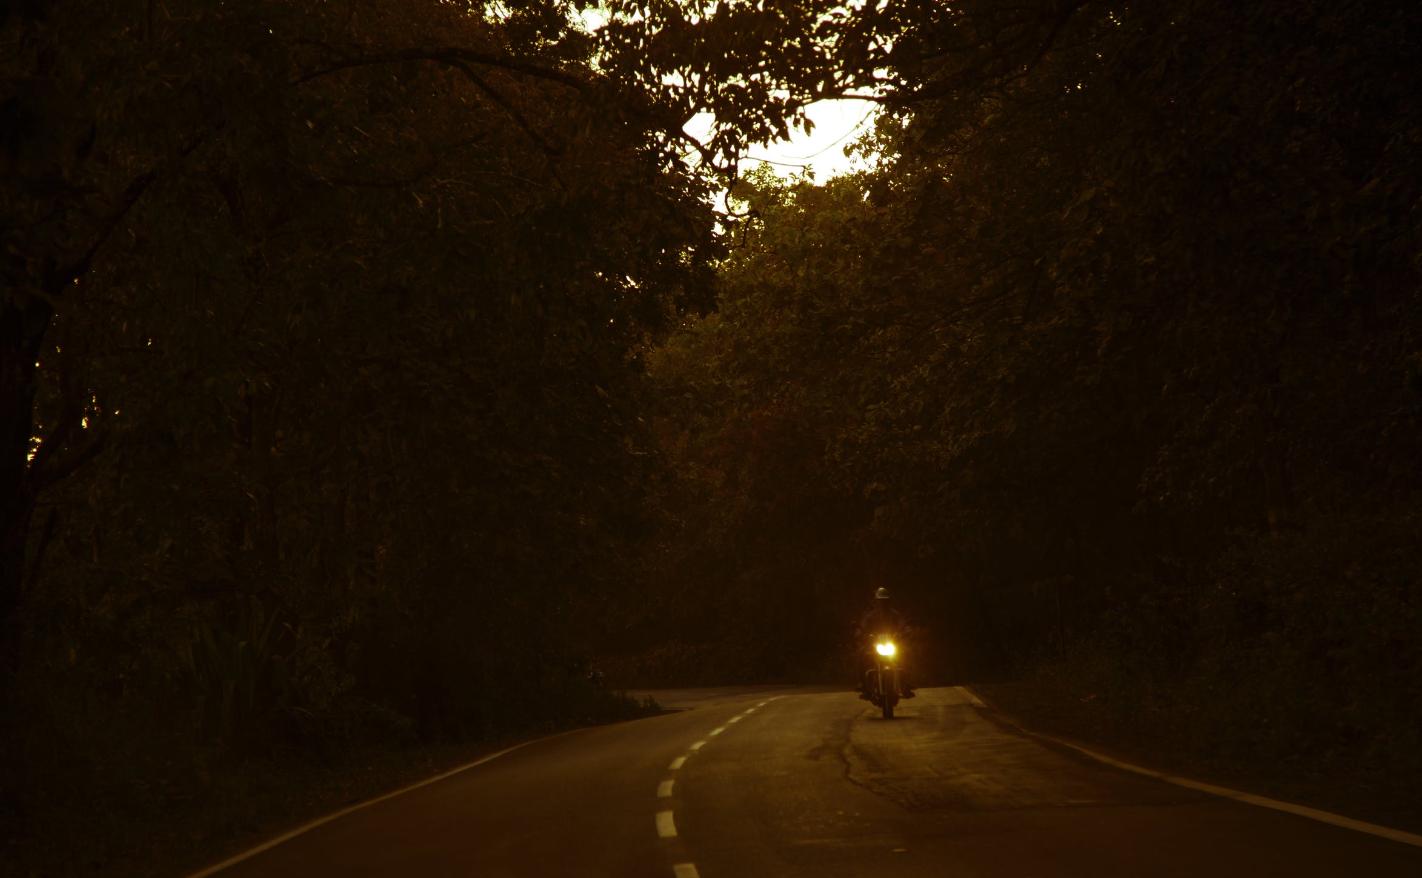 motocyklista na krętej leśnej drodze o zmierzchu
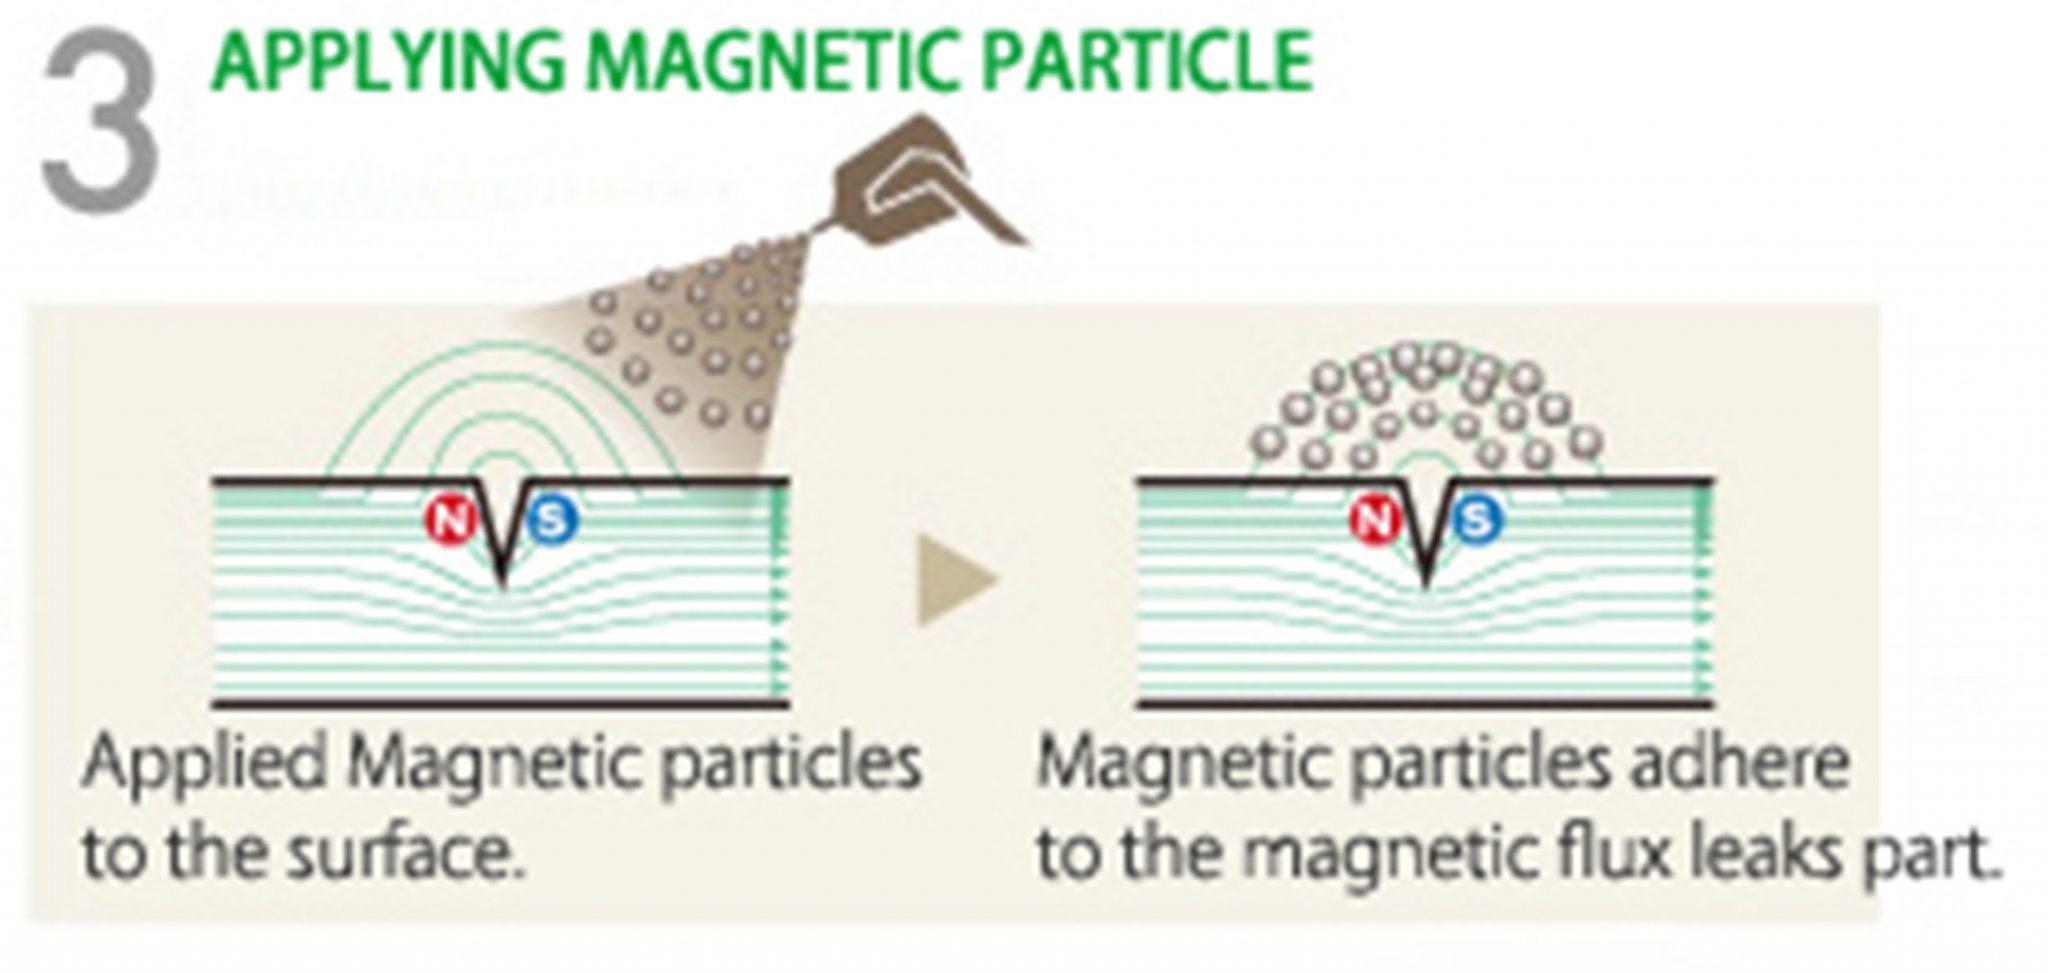 با 6 مرحله انجام تست غیرمخرب به شیوه ذرات مغناطیسی MT آشنا شوید
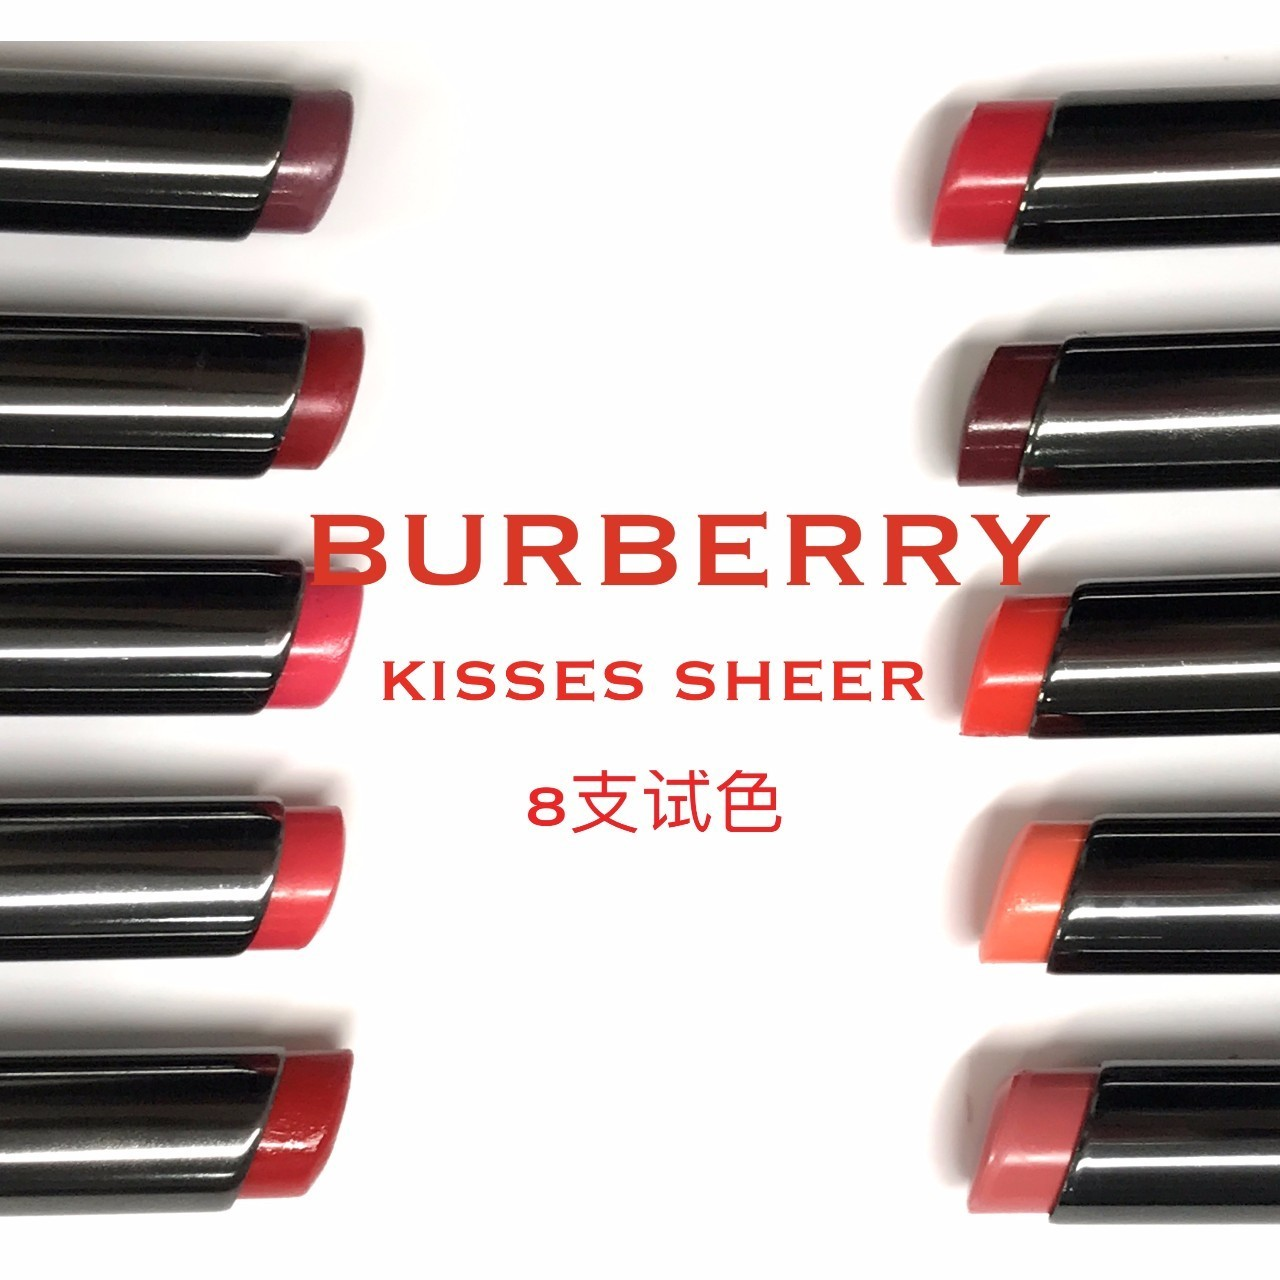 试色首发丨Burberry唇膏才是英伦风的正确打开方式
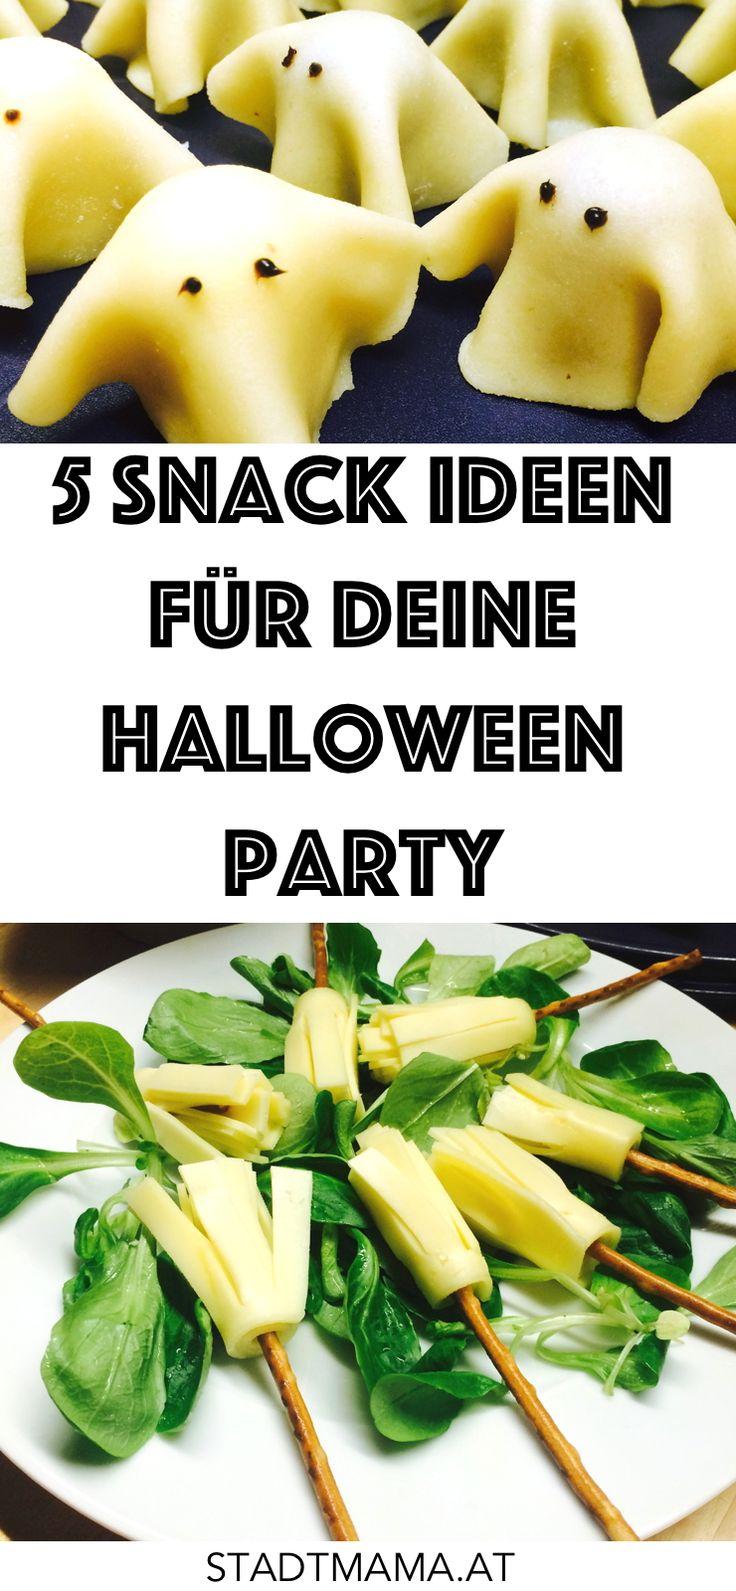 5 simple Snack Ideen für deine Halloween Party inklusive Rezept und Anleitung.
###
REQUIRED ACTION:
Copy out the listing above in full and keep the pictures out.

ANSWER SPACE:
 motocyklista na krętej leśnej drodze o zmierzchu
 با 6 مرحله انجام تست غیرمخرب به شیوه ذرات مغناطیسی MT آشنا شوید
 试色首发丨Burberry唇膏才是英伦风的正确打开方式
 5 simple Snack Ideen für deine Halloween Party inklusive Rezept und Anleitung.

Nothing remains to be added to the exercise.